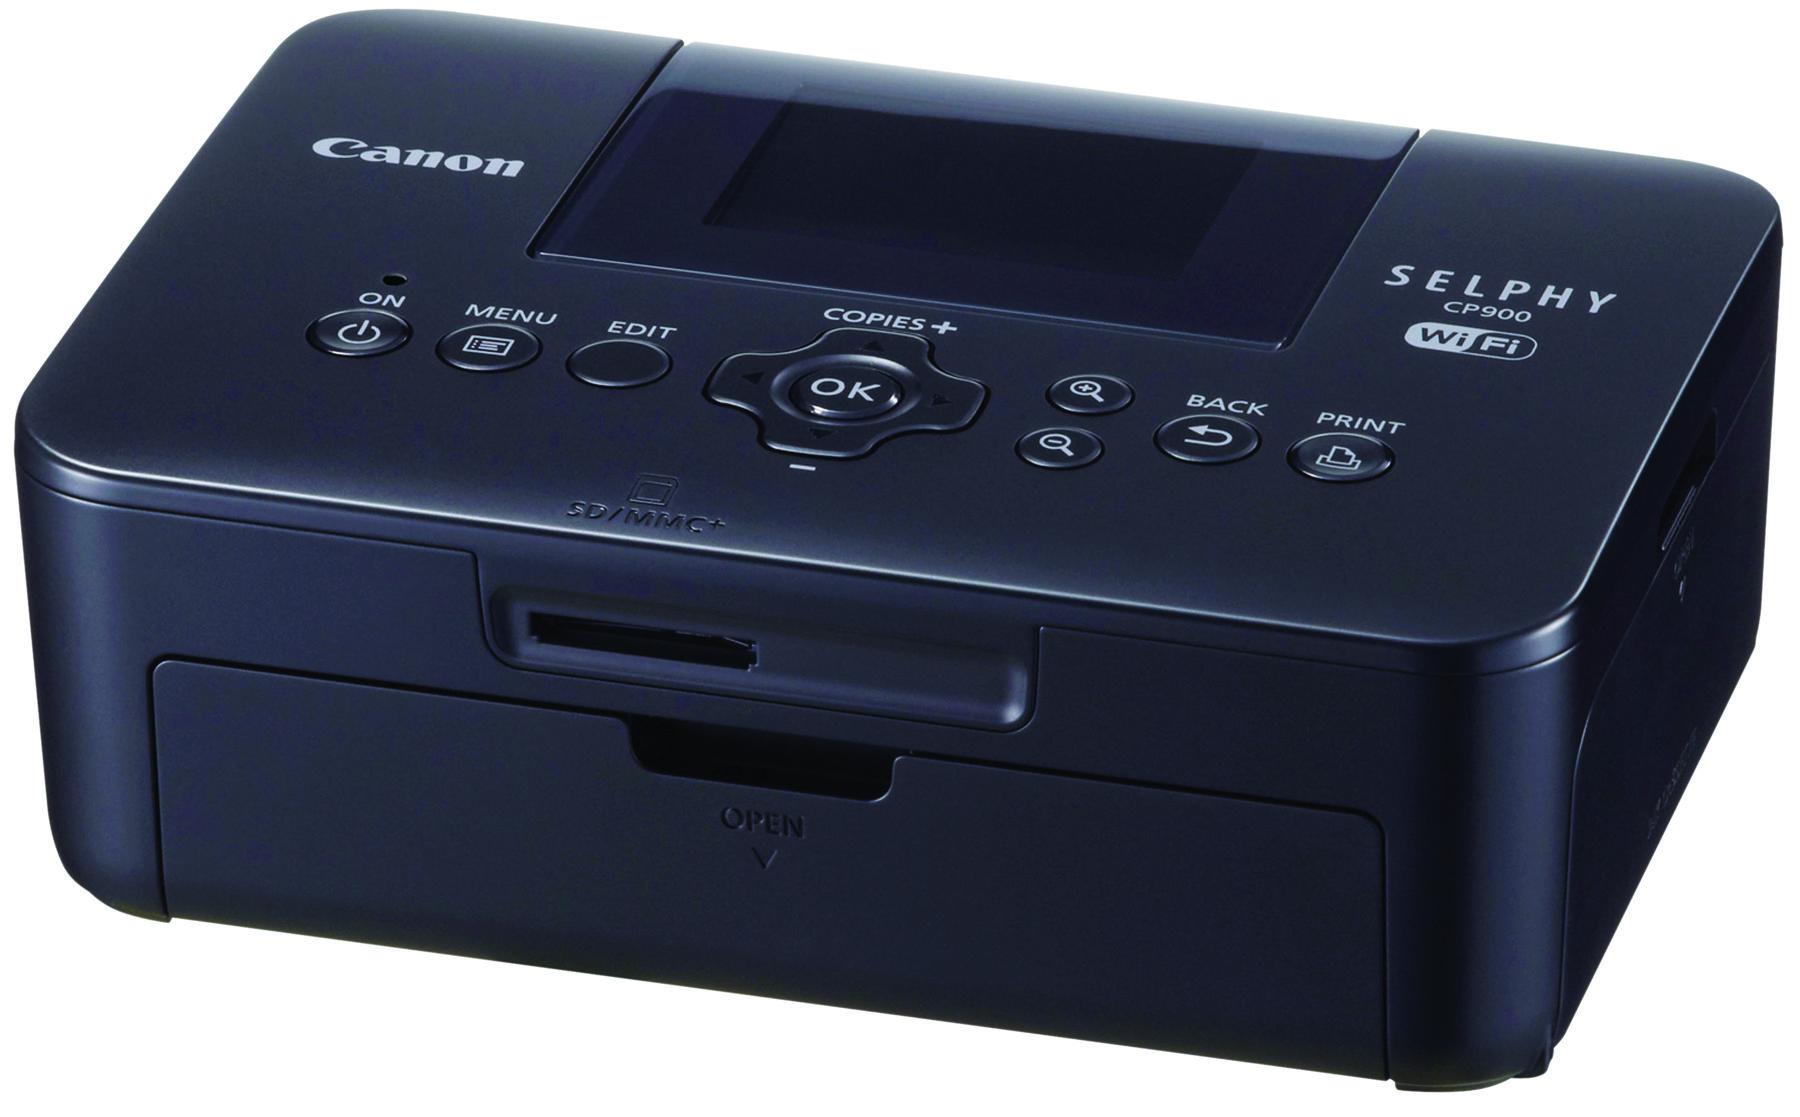 Canon cp900 photo printer compact photo printer printer
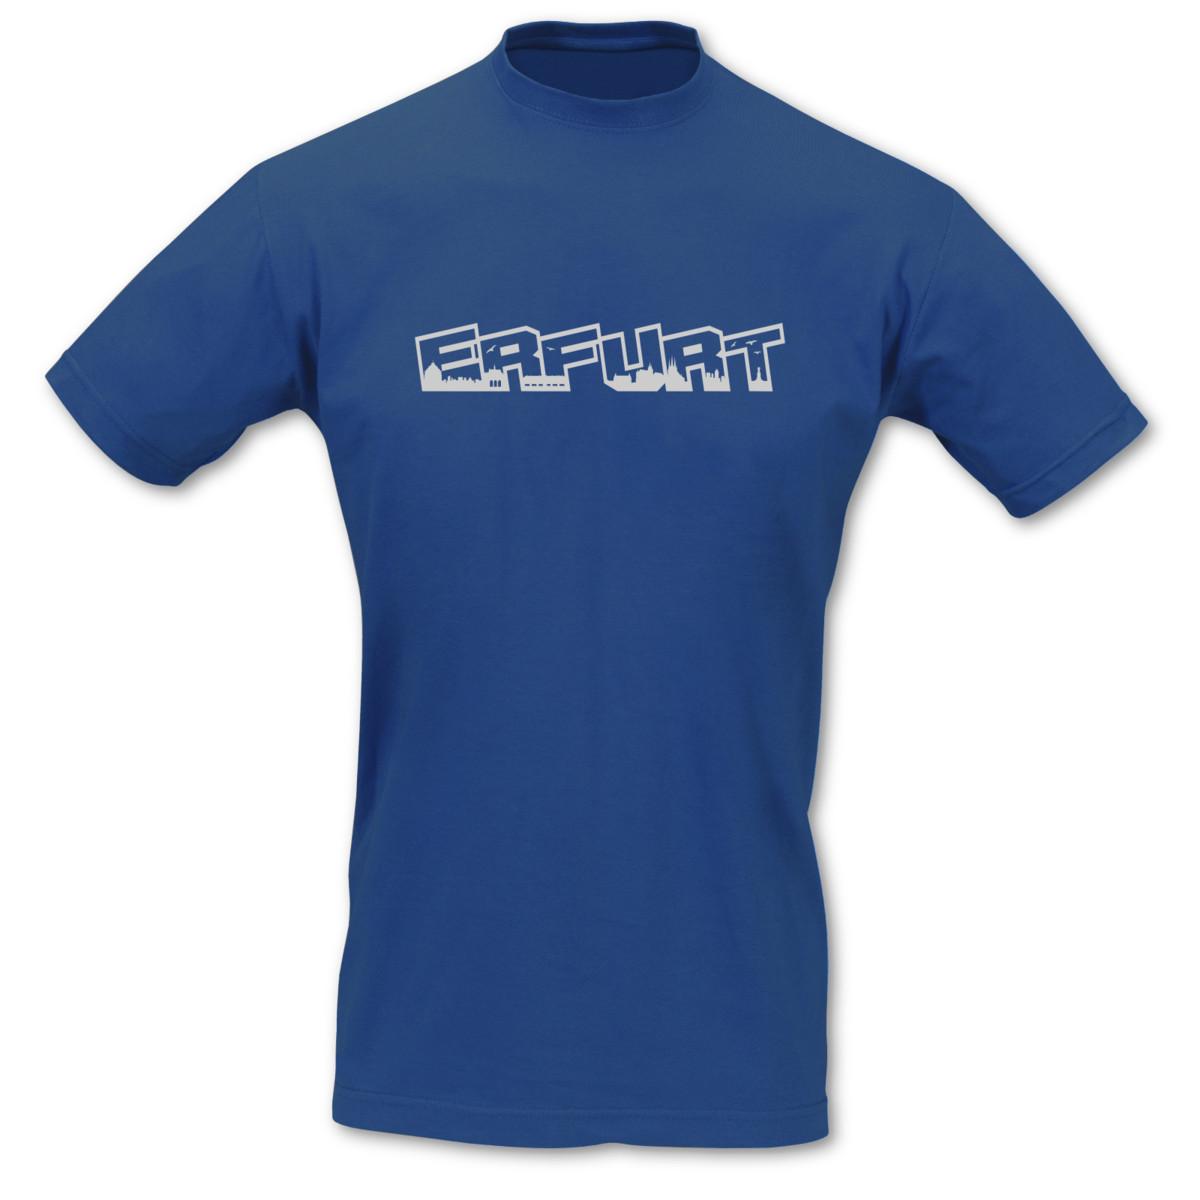 T-Shirt-Erfurt-Grafitti-Schriftzug-Skyline-8-Farben-S-5XL
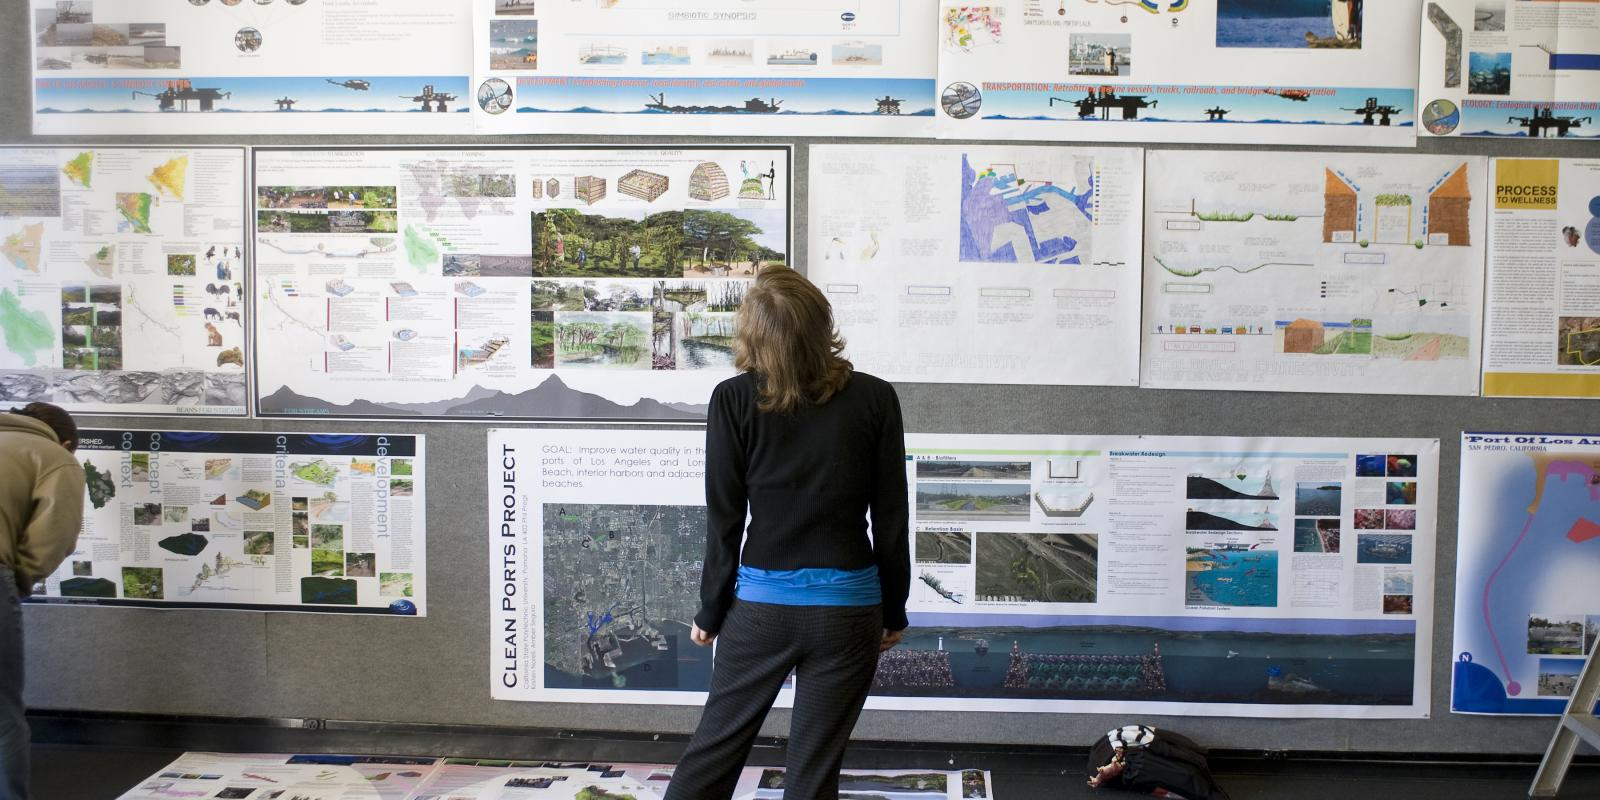 Landscape architecture studio design exchange at a department Open House
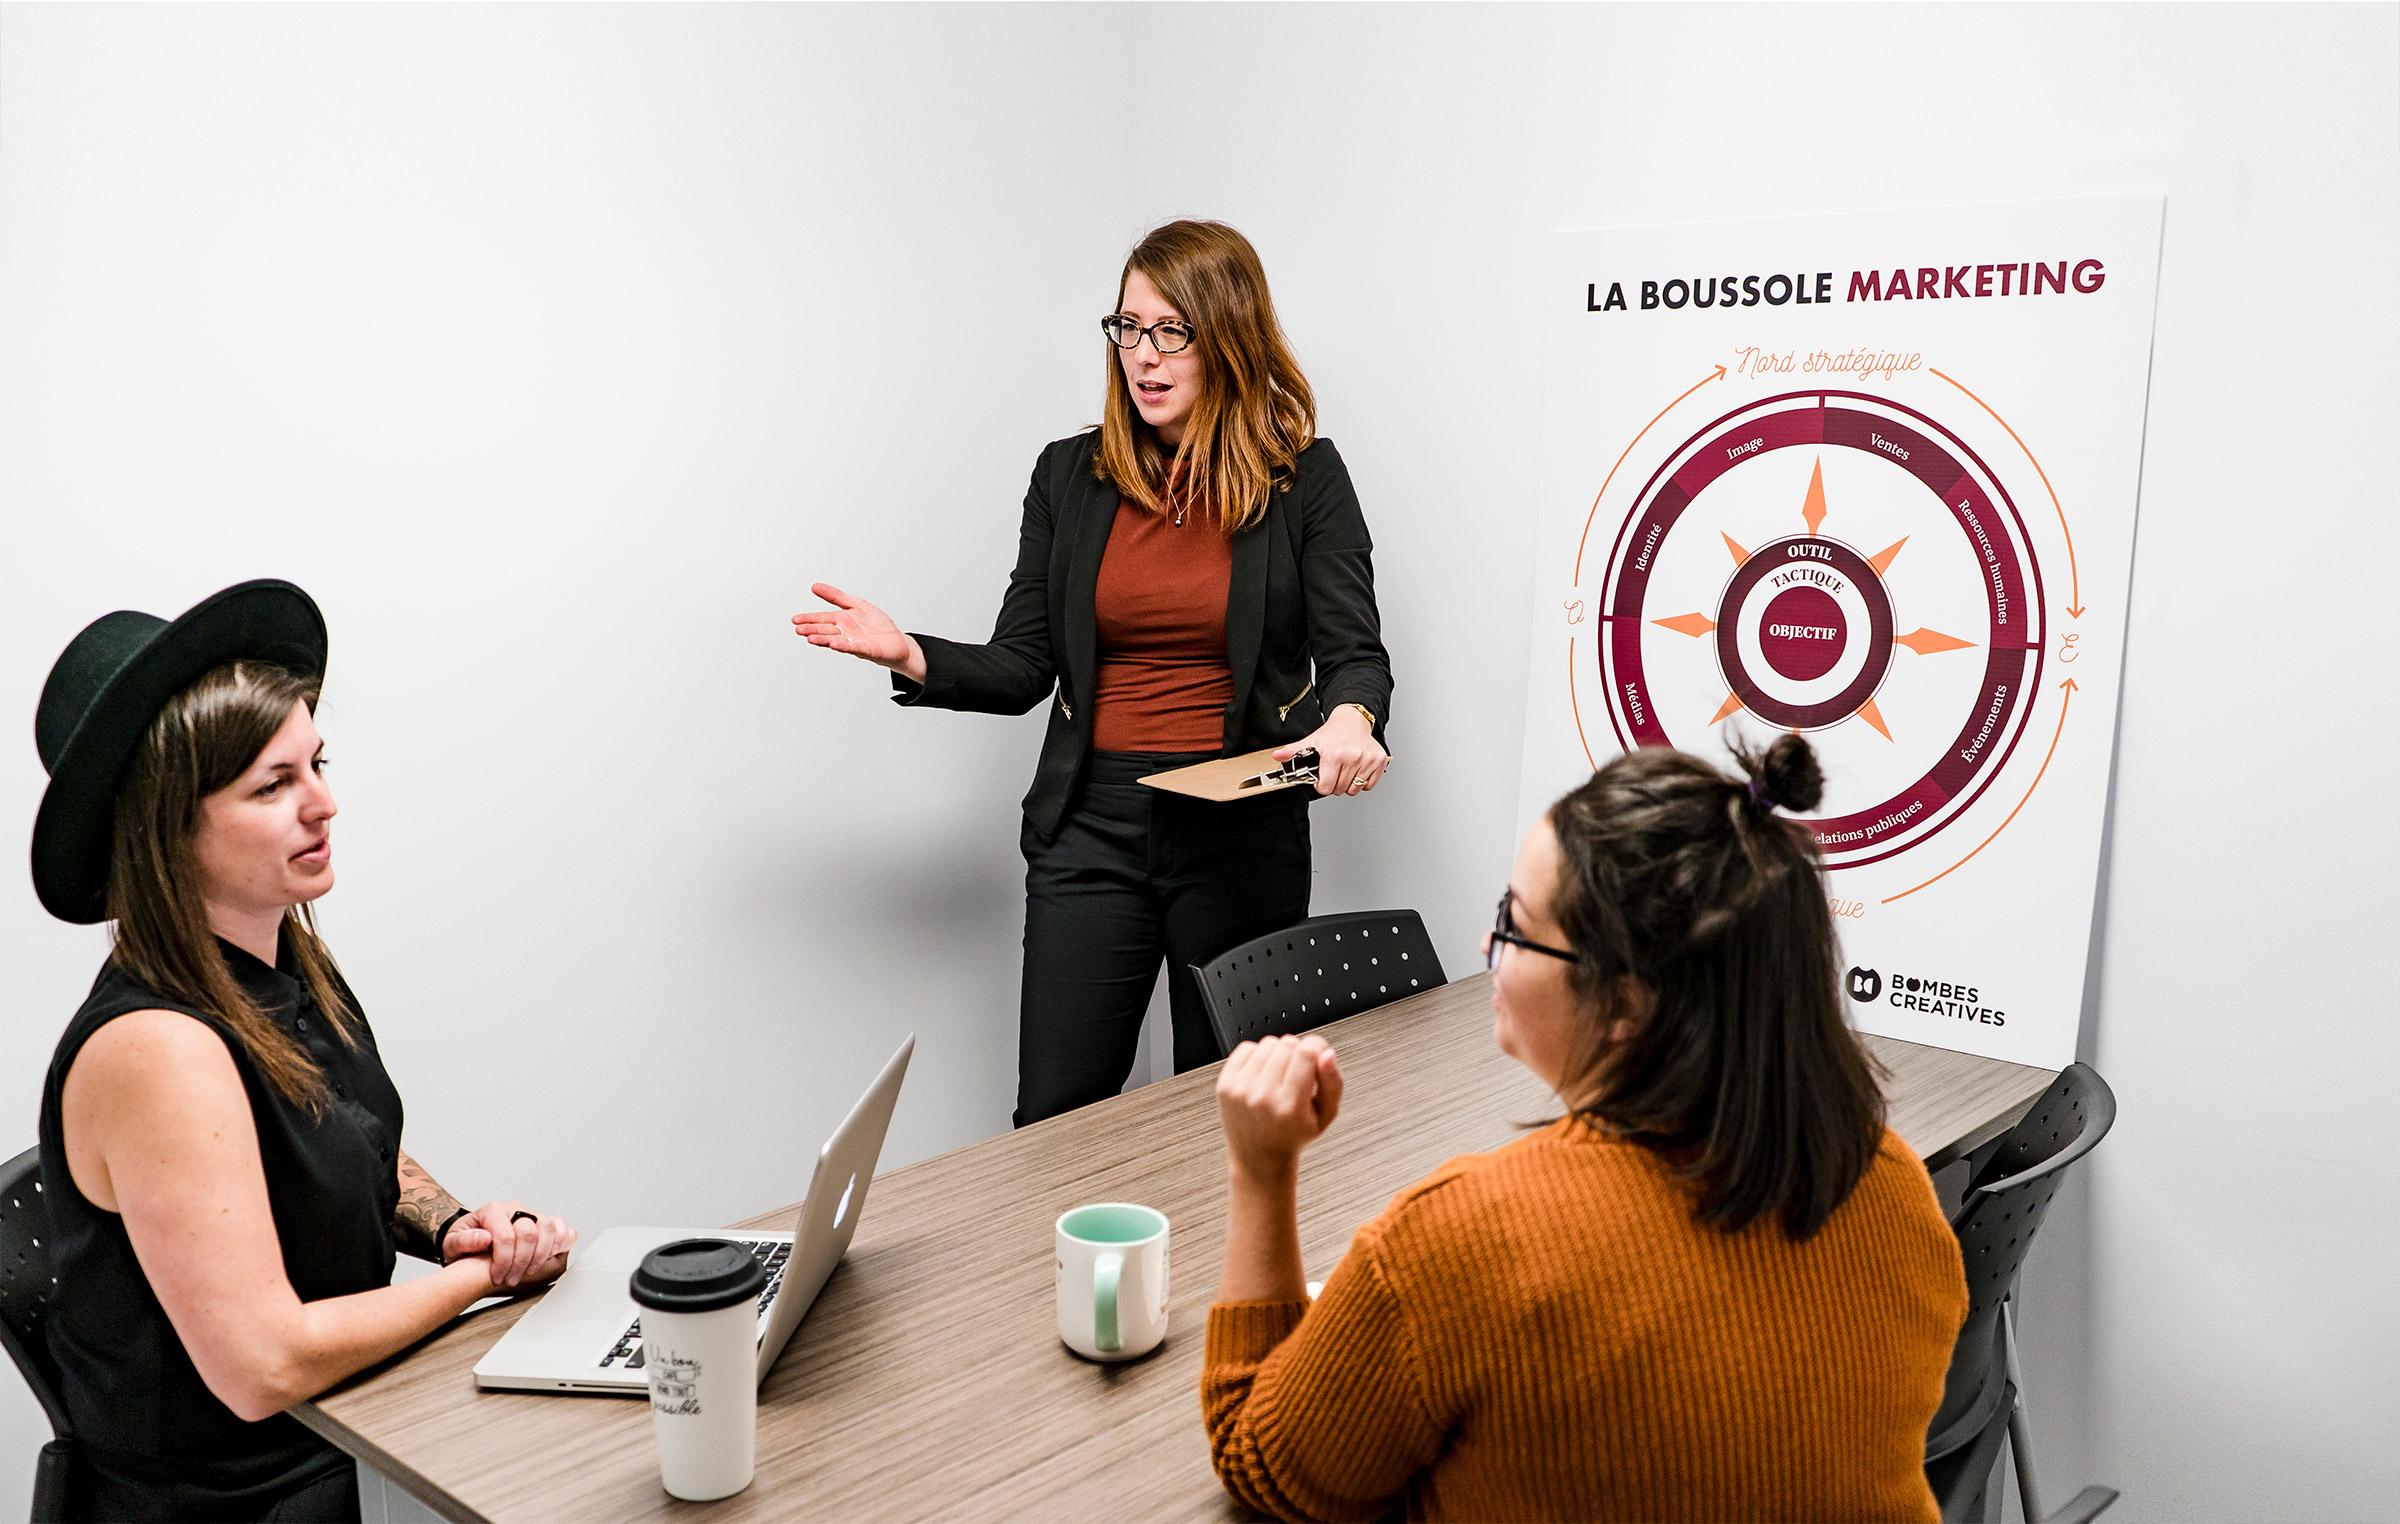 Bombes créatives et la boussole marketing

WHAT TO WORK ON — Print the full listing again exactly, and drop every image from it.

TASK ANSWER —
 Canon cp900 photo printer compact photo printer printer
 T-Shirt-Erfurt-Grafitti-Schriftzug-Skyline-8-Farben-S-5XL
 Landscape architecture studio design exchange at a department Open House
 Bombes créatives et la boussole marketing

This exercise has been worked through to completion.